No one wants condos because people want a yard, don’t want smelly neighbours that close, and don’t want to pay an extra $700+ a month in ridiculous condo fees that provide zero amenities.
Right ridiculous
One of the few solutions that I can see in this market is to start knocking down walls, or create access to adjoining units. NO ONE wants to live in a ONE BEDROOM home. I know that it made sense at that time to create affordable housing by making them smaller, but the realities of life kick in, and you’d better adjust or die in this new market situation. People want square footage with at least a balcony. Anything less than that is going to run into some insurmountable issues in this age of short attention spans and overblown expectations on initial home purchases. There’s no such thing as creating sweat equity. They want it right now, and it had better have orange peel ceilings
Nice point Elaina – Condo prices, condo fees & taxes had out-stripped consumer incomes – now its becoming a nice time for the buyer side of the coin. Basic Smithsonian supply and demand As to rent controls, they are part of the industry – need to think about that in ROI planning. –
Can I ask why the article wasn’t titled ‘Why Toronto & Vancouver’s condo markets are unraveling’ instead of ‘Why Canada’s condo market is unraveling’?
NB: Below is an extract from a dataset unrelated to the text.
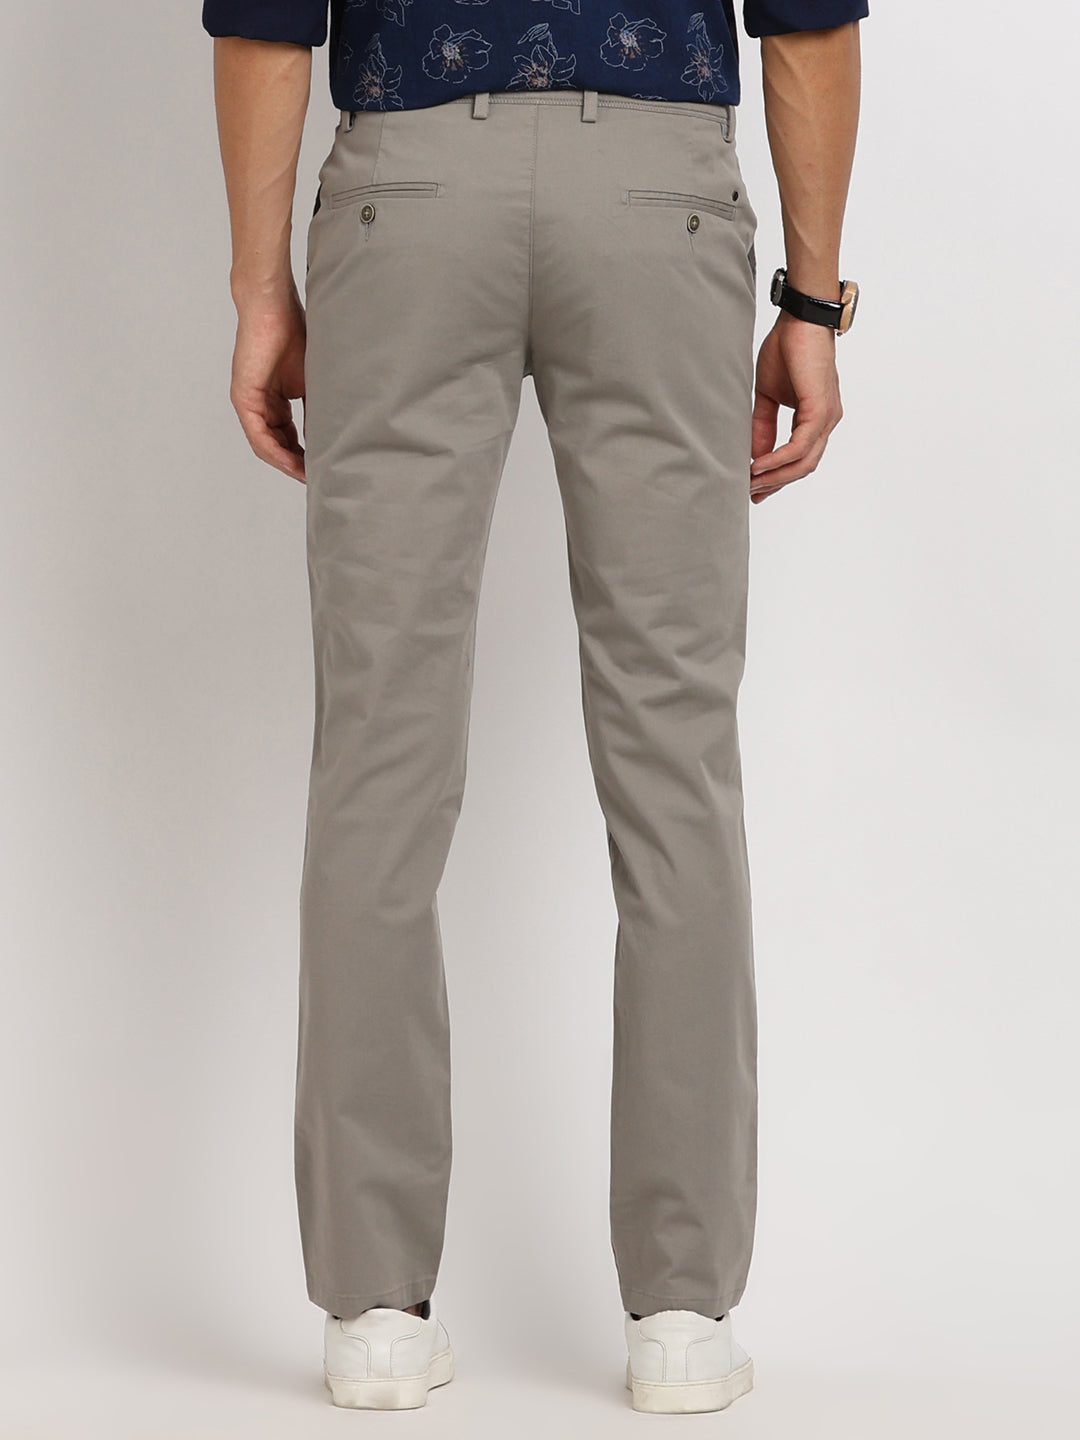 Cotton Stretch Light Grey Plain Ultra Slim Fit Flat Front Casual Trouser

Canada has many condo markets in many major cities, and while we may come to experience what you write about in your article, this is not the case right now in Halifax, NS, Canada. So, why sum up all of Canada, citing only 2 markets?
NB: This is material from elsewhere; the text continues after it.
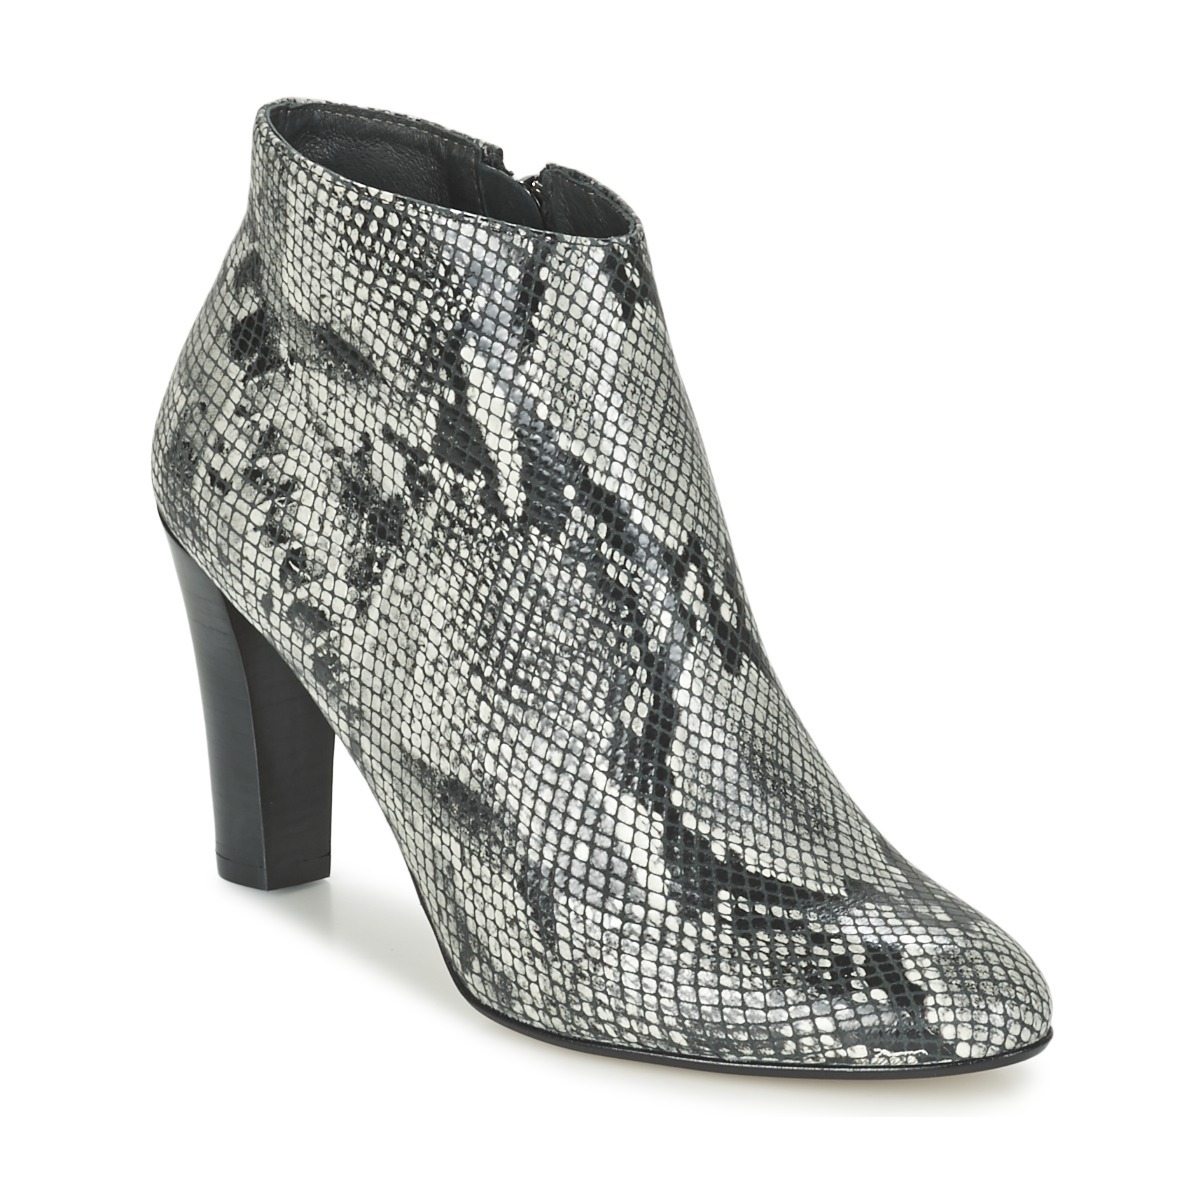 Grey Ankle Boots Spartoo Betty London Woman GOOFASH

…..because for many, the real estate world revolves around the GTA. I am actually surprised that Vancouver was mentioned. I don’t just find this annoying, I find it very disrespectful. To be fair, this doesn’t just apply to this article or REM. I see it daily in other publications, FB groups etc.
I’m not sure the Moose Jaw condo market has much relevance or significance to the condo industry.
It’s called the financialization of housing and everyone is doing it because BC doesn’t have natural resources (after our boom in Forestry dried up). But all natural resources come to an end, especially if they are not fostered and revitalized. Real Estate is one of the biggest industries in Vancouver (and likely around the world) because there’s nothing left that can provide the same kind of return. But now that no one can afford to live in those towers (that governments and social advocates claimed would come down in price/rent if only enough of them were built) people are beginning to question that theory. It’s true that if governments repeat something often enough people will start to believe it. They got so used to it in Vancouver that funds from new housing starts went straight into government coffers. Some of those same politicians who put out this nonsense, like the new federal Housing Minister Gregor Robertson, are still hanging on to the notion that we need to build a huge amount of more new housing to fix the “housing crisis,” knowing full well that it was never about a housing crisis; it was about and remains an unaffordable housing crisis in Vancouver. Unfortunately, the City continues to make matters worse by continuing to approve record numbers of tower developments.
The government can only help the housing market (by building new homes) if those homes are affordable.